In academia (or so I am given to un­der­stand) there’s a huge pres­sure to spe­cial­ize, to push your un­der­stand­ing of one sub­ject all the way out to the fron­tier of the lat­est jour­nal ar­ti­cles, so that you can write your own jour­nal ar­ti­cles and get tenure. Well, one may cer­tainly have to learn the far math of one field, but why avoid the sim­ple math of oth­ers? Is it too em­bar­rass­ing to learn just a lit­tle math, and then stop? Is there an un­writ­ten rule which says that once you start learn­ing any math, you are obli­gated to finish it all? Could that be why the prac­tice isn’t more com­mon?
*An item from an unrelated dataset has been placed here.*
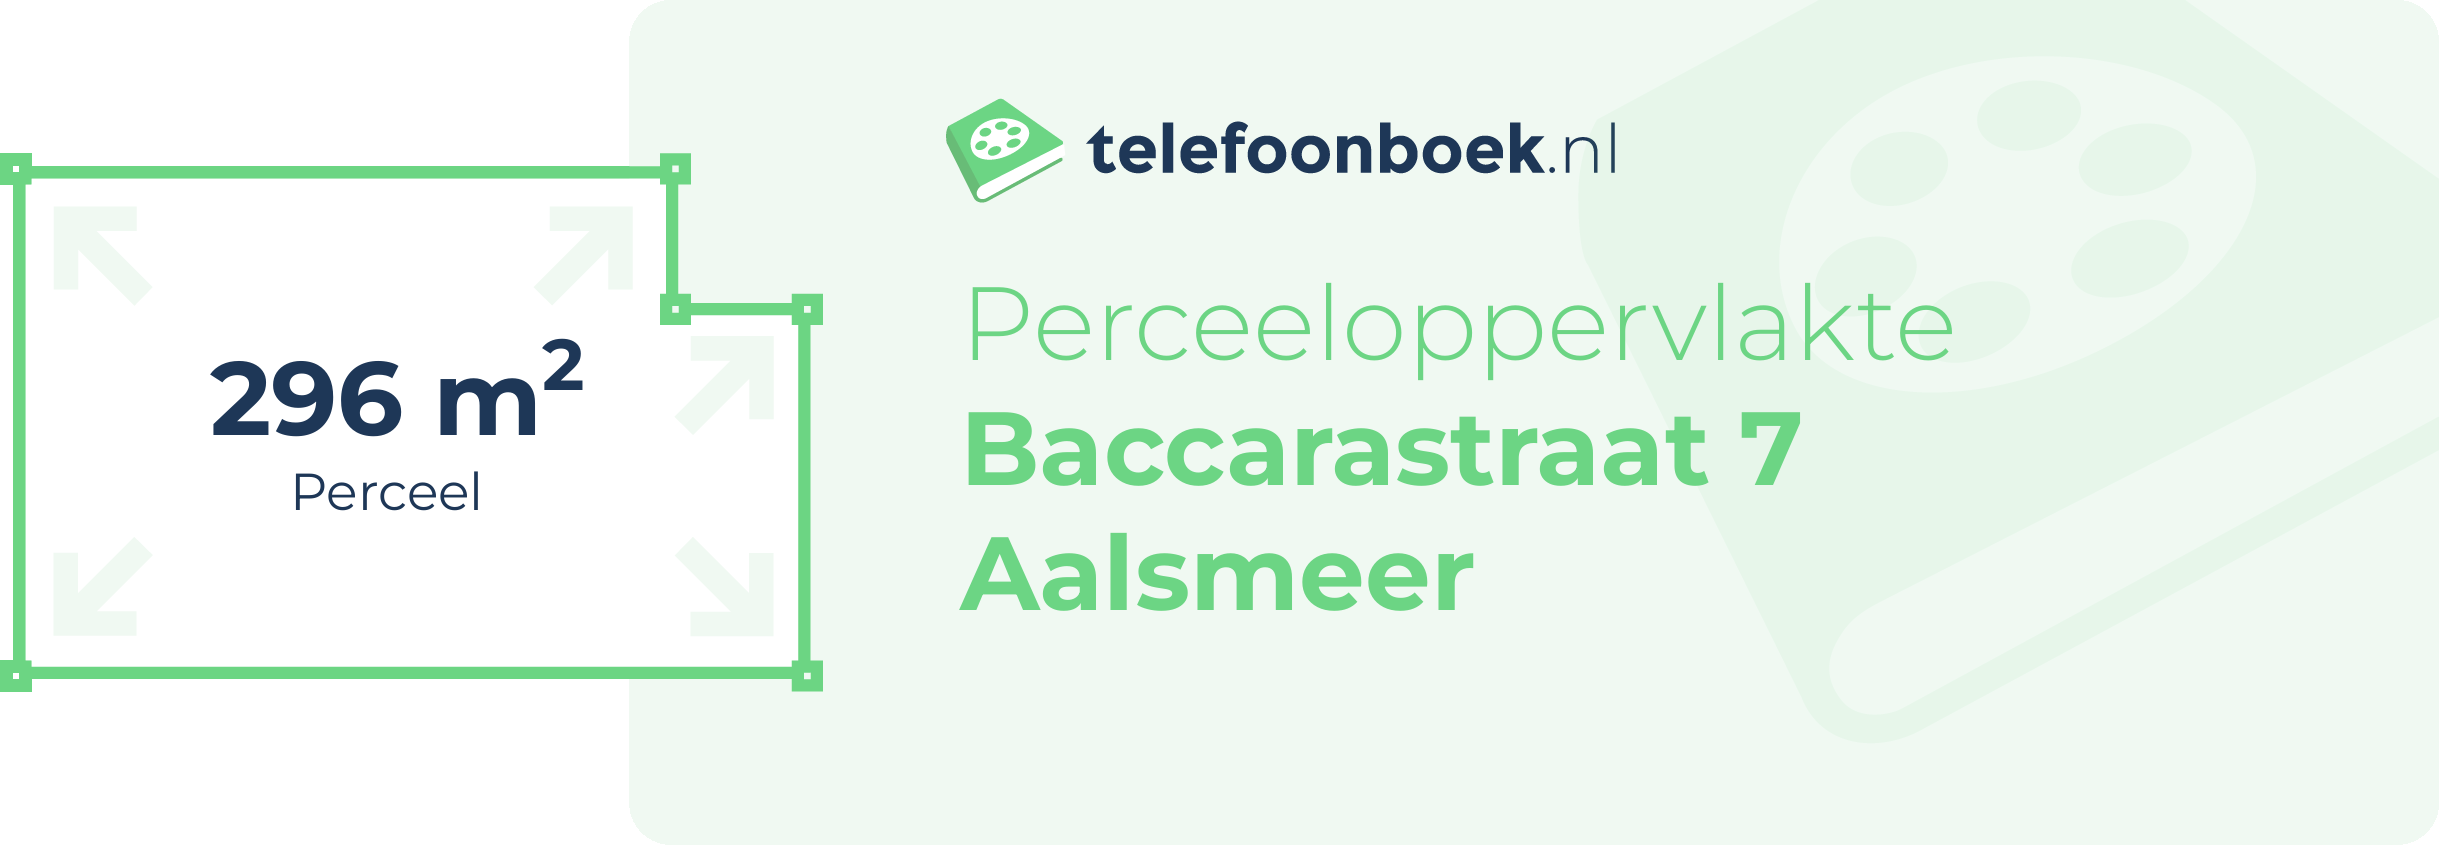 Perceeloppervlakte Baccarastraat 7 Aalsmeer

I know that I’m much more em­bar­rassed to know a few sim­ple equa­tions of physics, than I was to know only pop­u­lar physics. It feels wronger to know a few sim­ple equa­tions of evolu­tion­ary biol­ogy than to know only qual­i­ta­tive evolu­tion­ary biol­ogy. Even men­tion­ing how use­ful it’s been seems wrong, as if I’m boast­ing about some­thing that no one should boast about. It feels like I’m a dilet­tante—but how would I be dilet­ting less if I hadn’t stud­ied even the sim­ple math?